= INPUT MATERIAL =
★ ★ ★ ★ ★

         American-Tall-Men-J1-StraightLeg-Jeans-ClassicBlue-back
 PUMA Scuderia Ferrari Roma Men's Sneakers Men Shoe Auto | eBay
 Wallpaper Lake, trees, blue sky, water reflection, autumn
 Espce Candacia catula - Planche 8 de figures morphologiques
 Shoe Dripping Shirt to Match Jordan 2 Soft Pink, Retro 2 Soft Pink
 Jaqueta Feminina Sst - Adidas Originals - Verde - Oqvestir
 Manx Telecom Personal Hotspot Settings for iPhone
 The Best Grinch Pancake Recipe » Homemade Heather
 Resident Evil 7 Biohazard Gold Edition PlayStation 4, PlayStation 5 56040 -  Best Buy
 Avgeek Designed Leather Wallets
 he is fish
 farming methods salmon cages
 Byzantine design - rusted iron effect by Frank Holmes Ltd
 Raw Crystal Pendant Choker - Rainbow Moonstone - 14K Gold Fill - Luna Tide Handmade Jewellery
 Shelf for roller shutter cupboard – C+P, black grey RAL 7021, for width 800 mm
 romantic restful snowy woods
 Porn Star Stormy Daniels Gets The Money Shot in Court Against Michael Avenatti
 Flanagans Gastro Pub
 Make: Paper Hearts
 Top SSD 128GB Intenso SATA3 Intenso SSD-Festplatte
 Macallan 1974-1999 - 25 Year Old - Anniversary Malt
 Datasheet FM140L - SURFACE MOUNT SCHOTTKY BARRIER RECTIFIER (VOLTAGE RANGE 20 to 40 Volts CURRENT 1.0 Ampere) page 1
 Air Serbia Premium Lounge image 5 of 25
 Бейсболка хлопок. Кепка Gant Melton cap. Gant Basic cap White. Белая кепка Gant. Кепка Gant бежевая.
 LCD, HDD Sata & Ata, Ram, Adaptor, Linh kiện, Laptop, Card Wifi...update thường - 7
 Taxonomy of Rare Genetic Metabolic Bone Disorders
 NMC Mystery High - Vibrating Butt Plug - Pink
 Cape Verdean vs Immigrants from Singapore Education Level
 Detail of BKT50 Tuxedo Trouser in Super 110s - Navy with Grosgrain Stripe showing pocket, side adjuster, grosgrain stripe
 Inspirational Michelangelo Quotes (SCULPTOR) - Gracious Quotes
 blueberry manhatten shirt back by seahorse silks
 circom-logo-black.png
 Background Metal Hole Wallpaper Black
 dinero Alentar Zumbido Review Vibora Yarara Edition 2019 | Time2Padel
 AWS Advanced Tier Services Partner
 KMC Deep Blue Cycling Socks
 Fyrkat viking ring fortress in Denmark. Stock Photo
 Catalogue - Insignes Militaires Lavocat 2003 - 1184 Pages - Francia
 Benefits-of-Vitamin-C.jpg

★ ★ ★ ★ ★

= YOUR INSTRUCTIONS =
Write down, word for word, the lines above from the one containing "Wallpaper Lake, trees, blue" through the one containing "LCD, HDD Sata", both ends included.

= COMPLETED EXERCISE =
 Wallpaper Lake, trees, blue sky, water reflection, autumn
 Espce Candacia catula - Planche 8 de figures morphologiques
 Shoe Dripping Shirt to Match Jordan 2 Soft Pink, Retro 2 Soft Pink
 Jaqueta Feminina Sst - Adidas Originals - Verde - Oqvestir
 Manx Telecom Personal Hotspot Settings for iPhone
 The Best Grinch Pancake Recipe » Homemade Heather
 Resident Evil 7 Biohazard Gold Edition PlayStation 4, PlayStation 5 56040 -  Best Buy
 Avgeek Designed Leather Wallets
 he is fish
 farming methods salmon cages
 Byzantine design - rusted iron effect by Frank Holmes Ltd
 Raw Crystal Pendant Choker - Rainbow Moonstone - 14K Gold Fill - Luna Tide Handmade Jewellery
 Shelf for roller shutter cupboard – C+P, black grey RAL 7021, for width 800 mm
 romantic restful snowy woods
 Porn Star Stormy Daniels Gets The Money Shot in Court Against Michael Avenatti
 Flanagans Gastro Pub
 Make: Paper Hearts
 Top SSD 128GB Intenso SATA3 Intenso SSD-Festplatte
 Macallan 1974-1999 - 25 Year Old - Anniversary Malt
 Datasheet FM140L - SURFACE MOUNT SCHOTTKY BARRIER RECTIFIER (VOLTAGE RANGE 20 to 40 Volts CURRENT 1.0 Ampere) page 1
 Air Serbia Premium Lounge image 5 of 25
 Бейсболка хлопок. Кепка Gant Melton cap. Gant Basic cap White. Белая кепка Gant. Кепка Gant бежевая.
 LCD, HDD Sata & Ata, Ram, Adaptor, Linh kiện, Laptop, Card Wifi...update thường - 7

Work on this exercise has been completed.